# nLab power series

### Context

#### Algebra

higher algebra

universal algebra

# Contents

## Definition

A power series in a variable $X$ and with coefficients in a ring $R$ is a series of the form

$\sum_{n = 0}^\infty a_n X^n$

where $a_n$ is in $R$ for each $n\ge 0$. Given that there are no additional convergence conditions, a power series is also termed emphatically as a formal power series. If $R$ is commutative, then the collection of formal power series in a variable $X$ with coefficients in $R$ forms a commutative ring denoted by $R [ [ X ] ]$.

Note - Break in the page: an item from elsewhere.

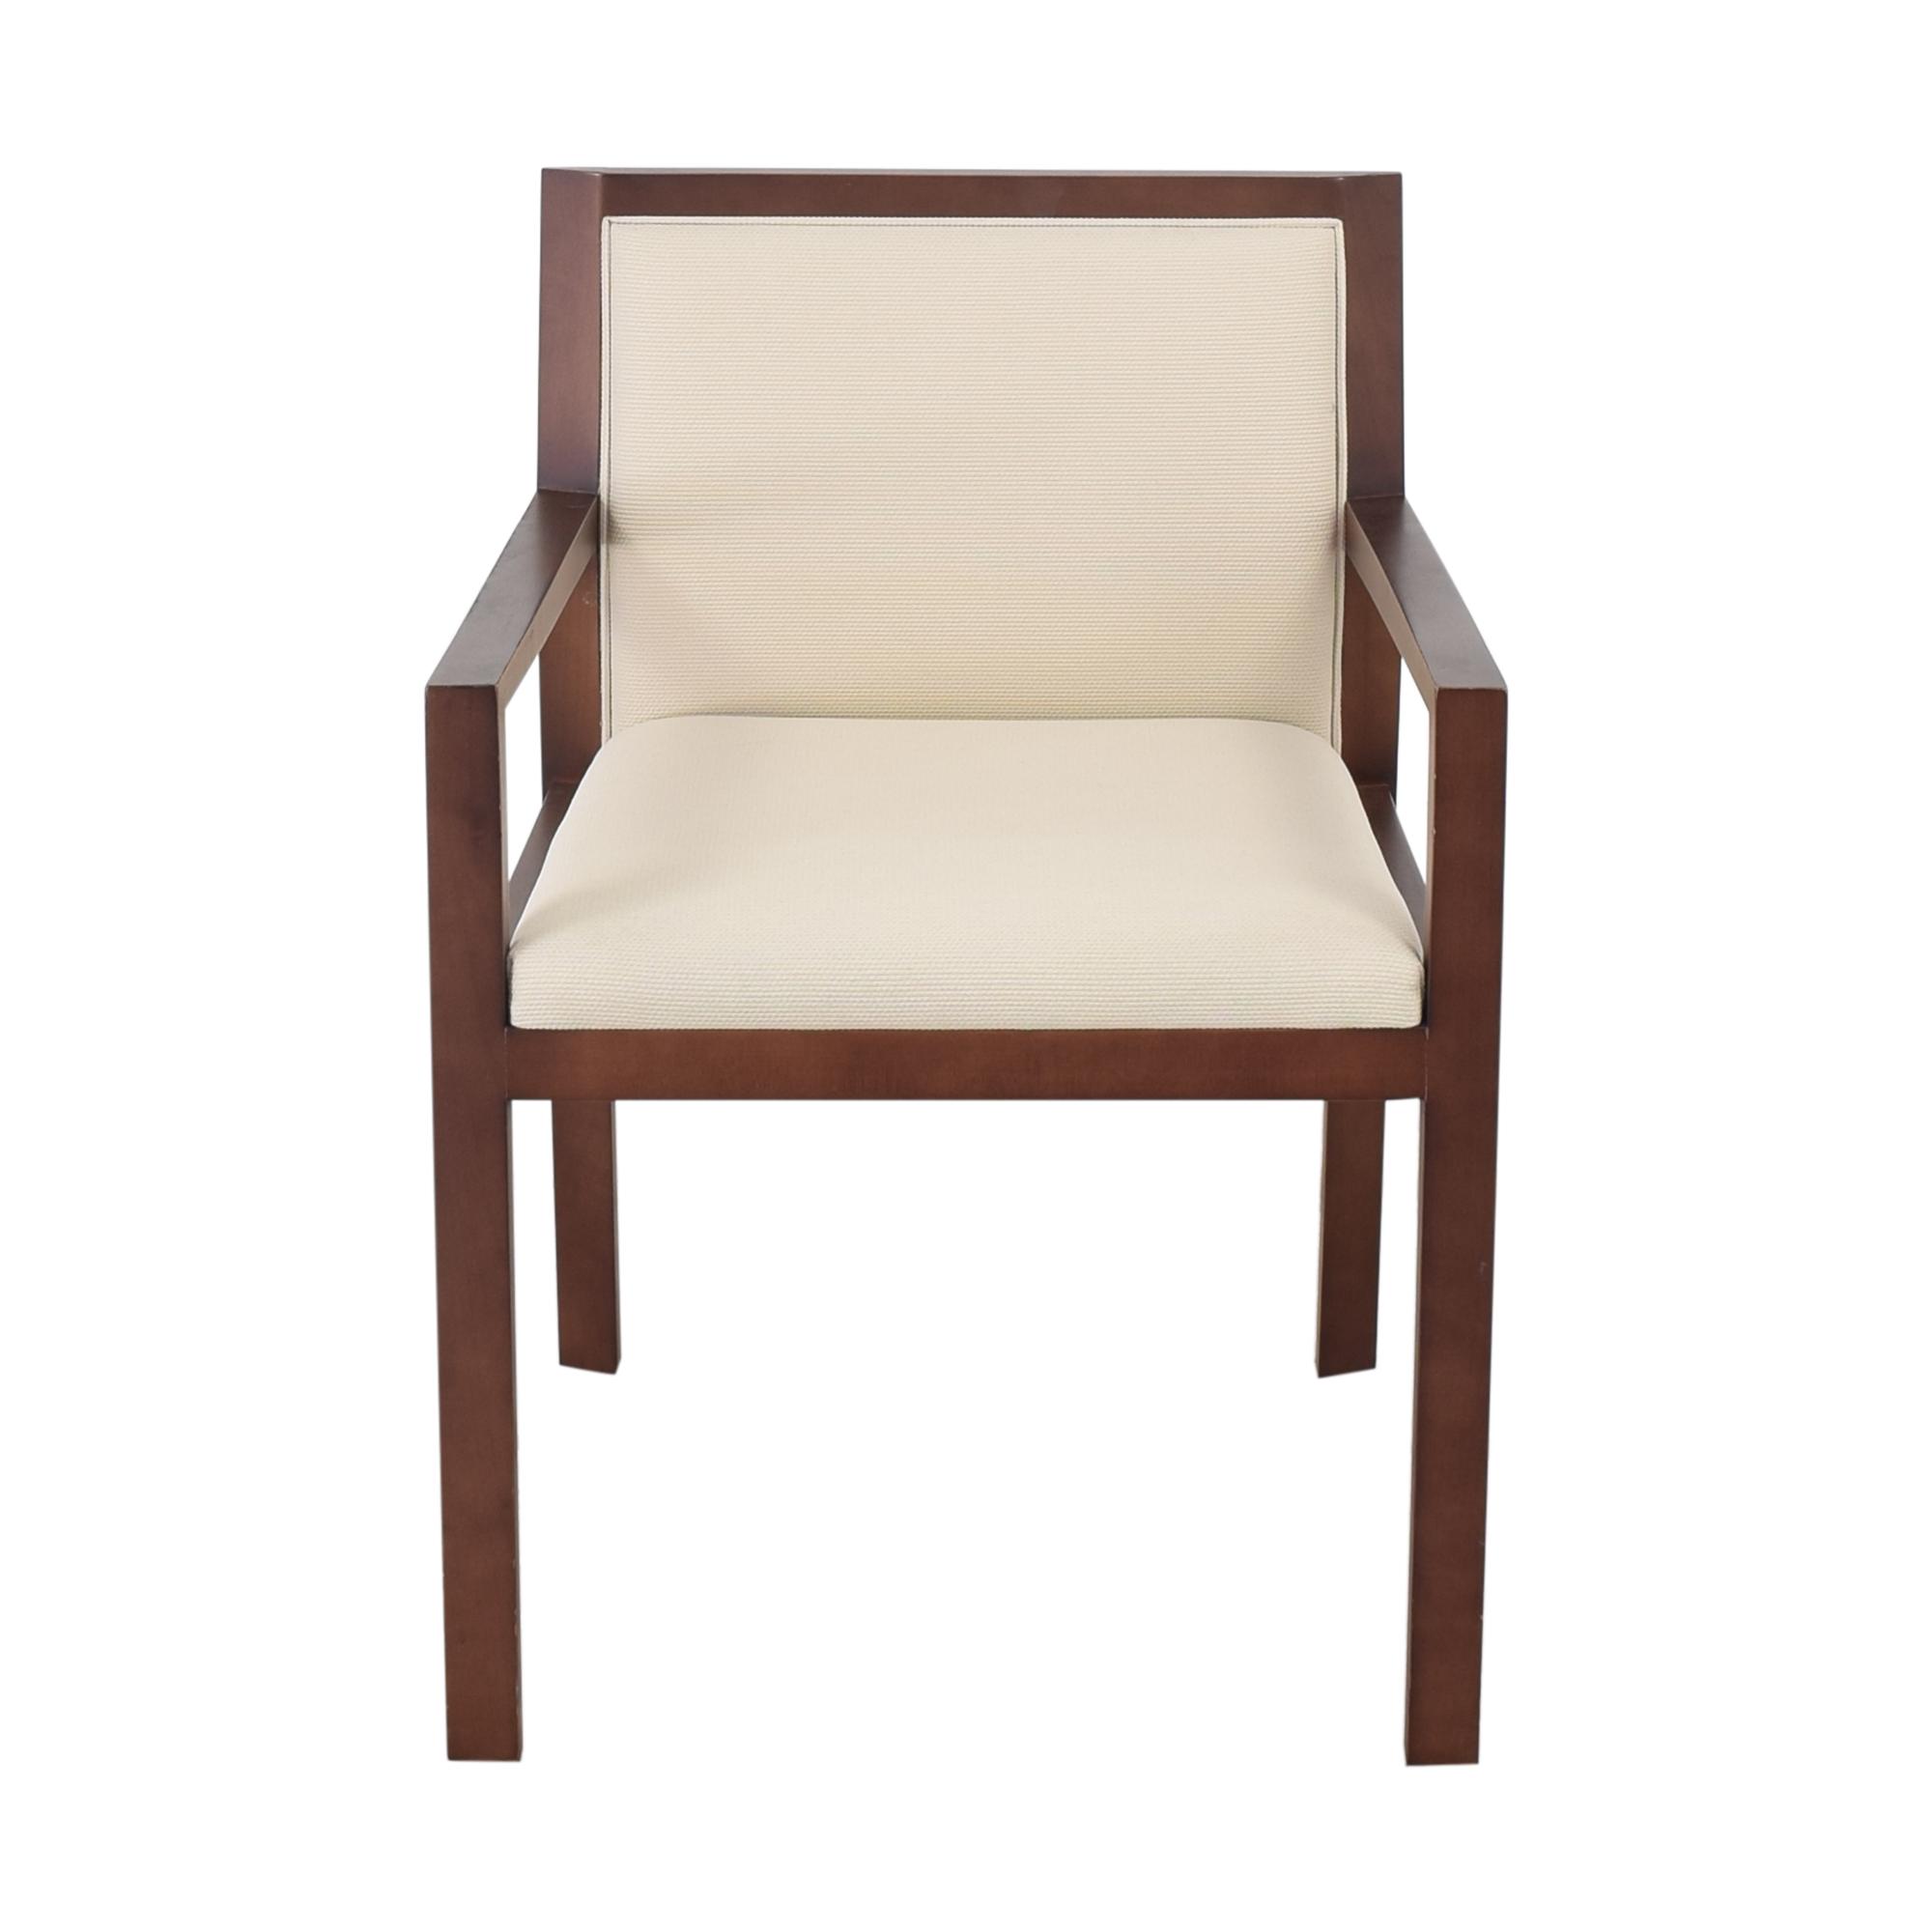 Bernhardt Bernhardt Fabric Desk Chair on sale
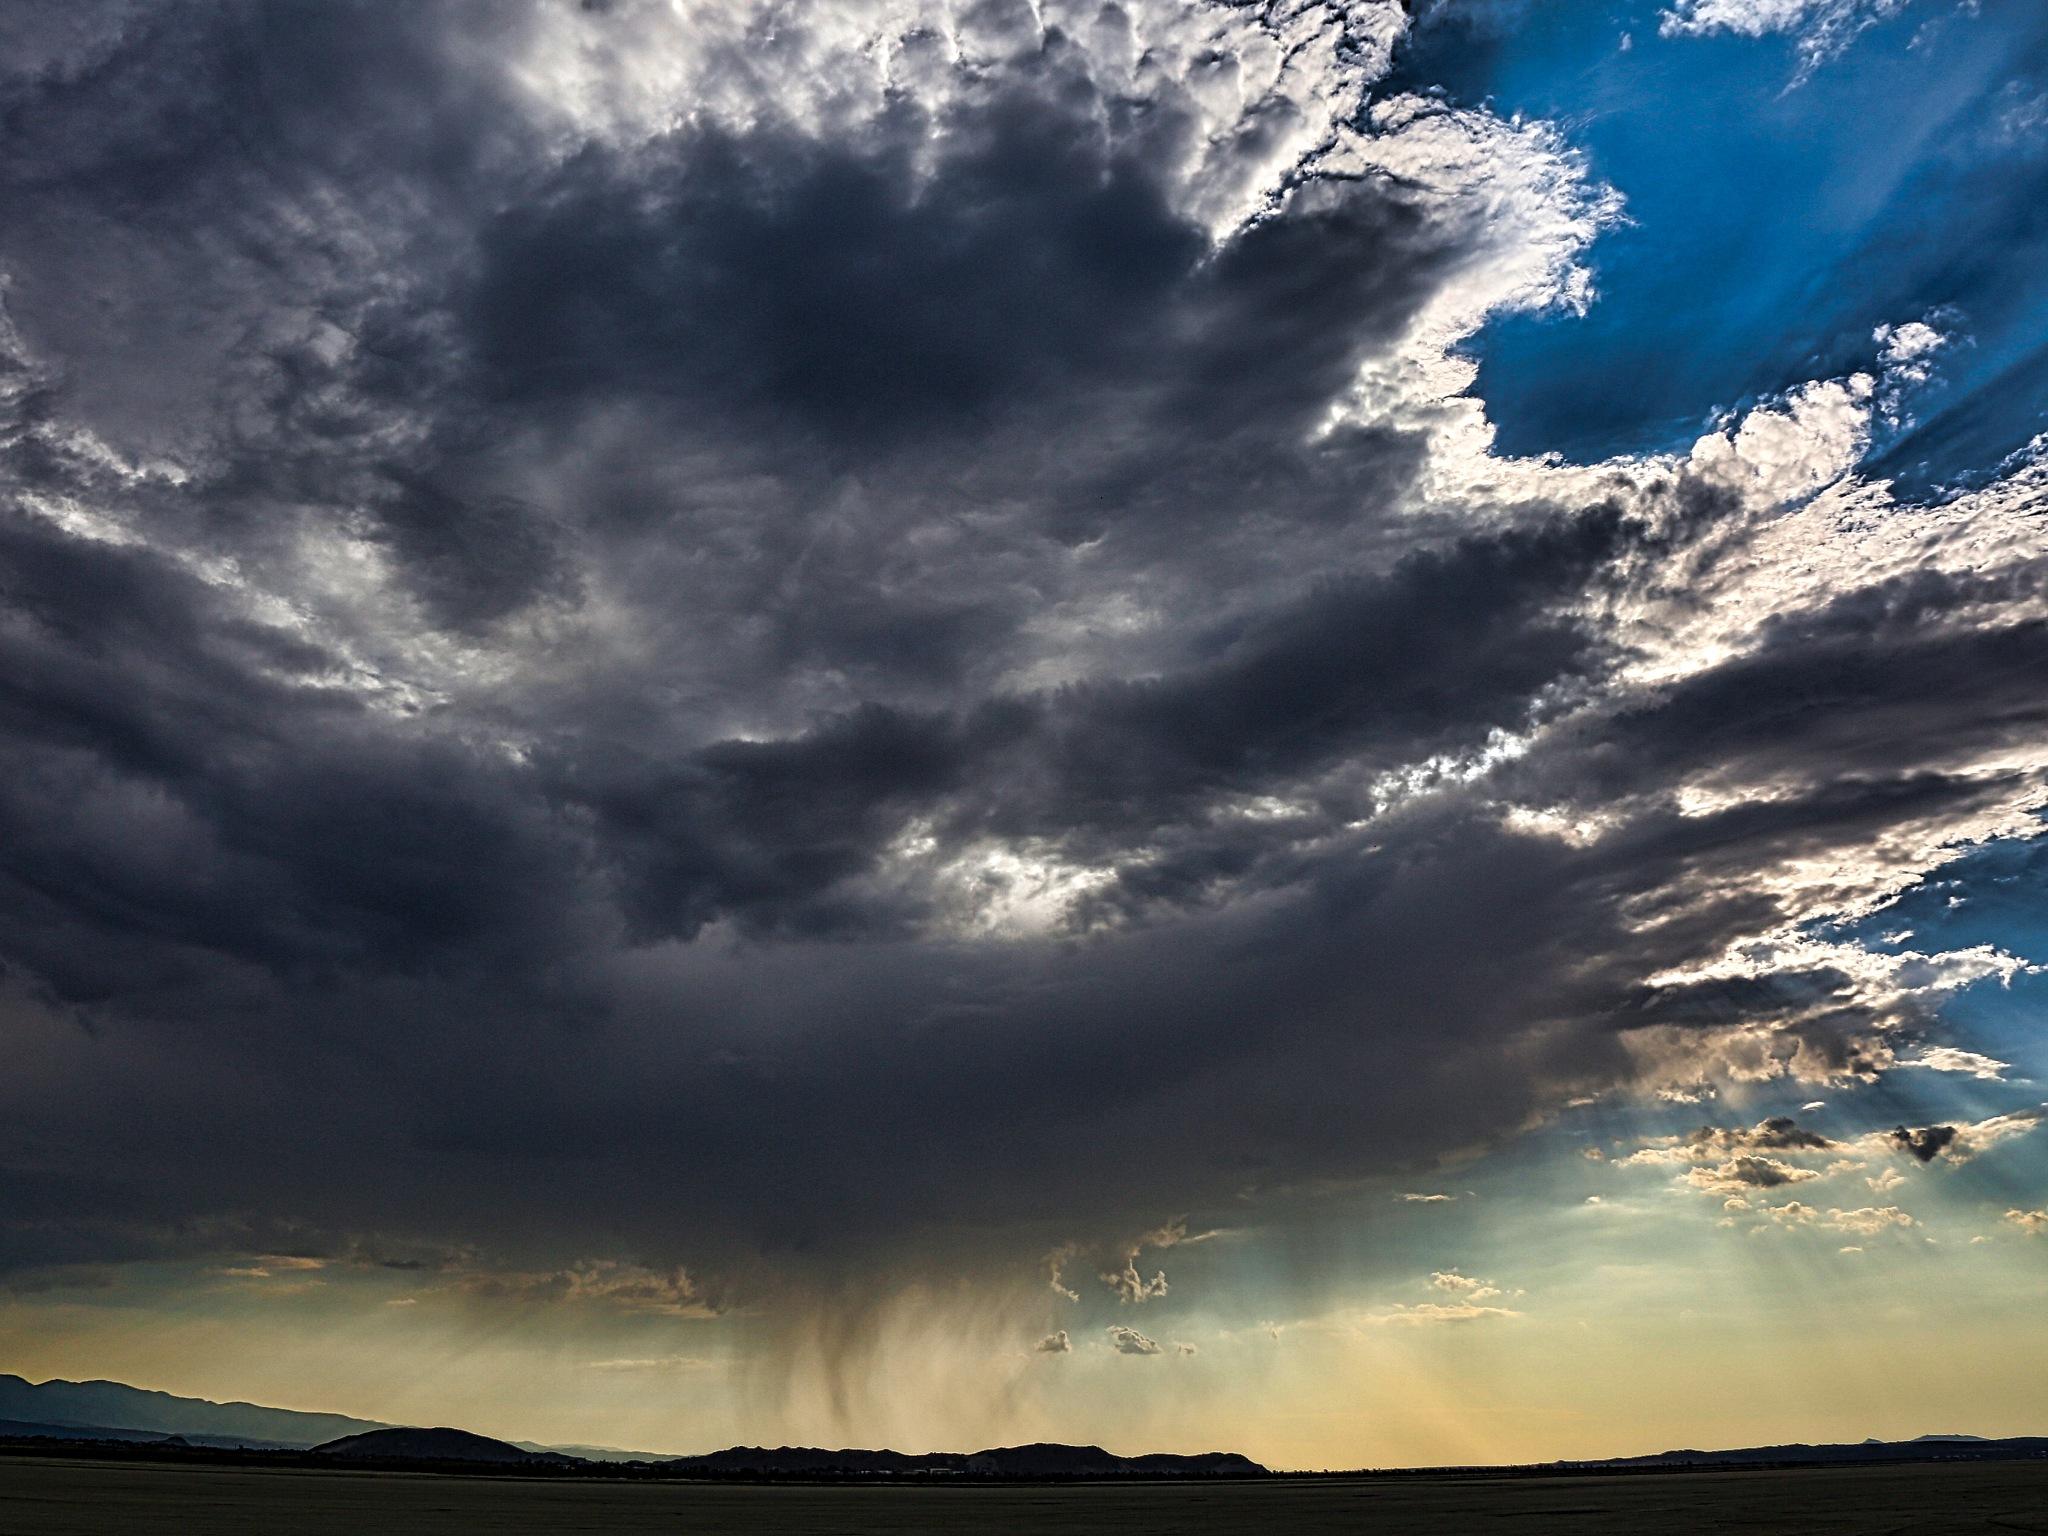 El Mirage Storm by Carson Turner

More generally, a power series in $k$ commuting variables $X_1,\ldots, X_k$ with coefficients in a ring $R$ has the form $\sum_{n_1=0,n_2=0,\ldots, n_k = 0}^\infty a_{n_1\ldots n_k} X_1^{n_1} X_2^{n_2}\cdots X_k^{n_k}$. If $R$ is commutative, then the collection of formal power series in $k$ commuting variables $X_1,\ldots, X_k$ form a formal power series ring denoted by $R [ [ X_1,\ldots, X_k ] ]$.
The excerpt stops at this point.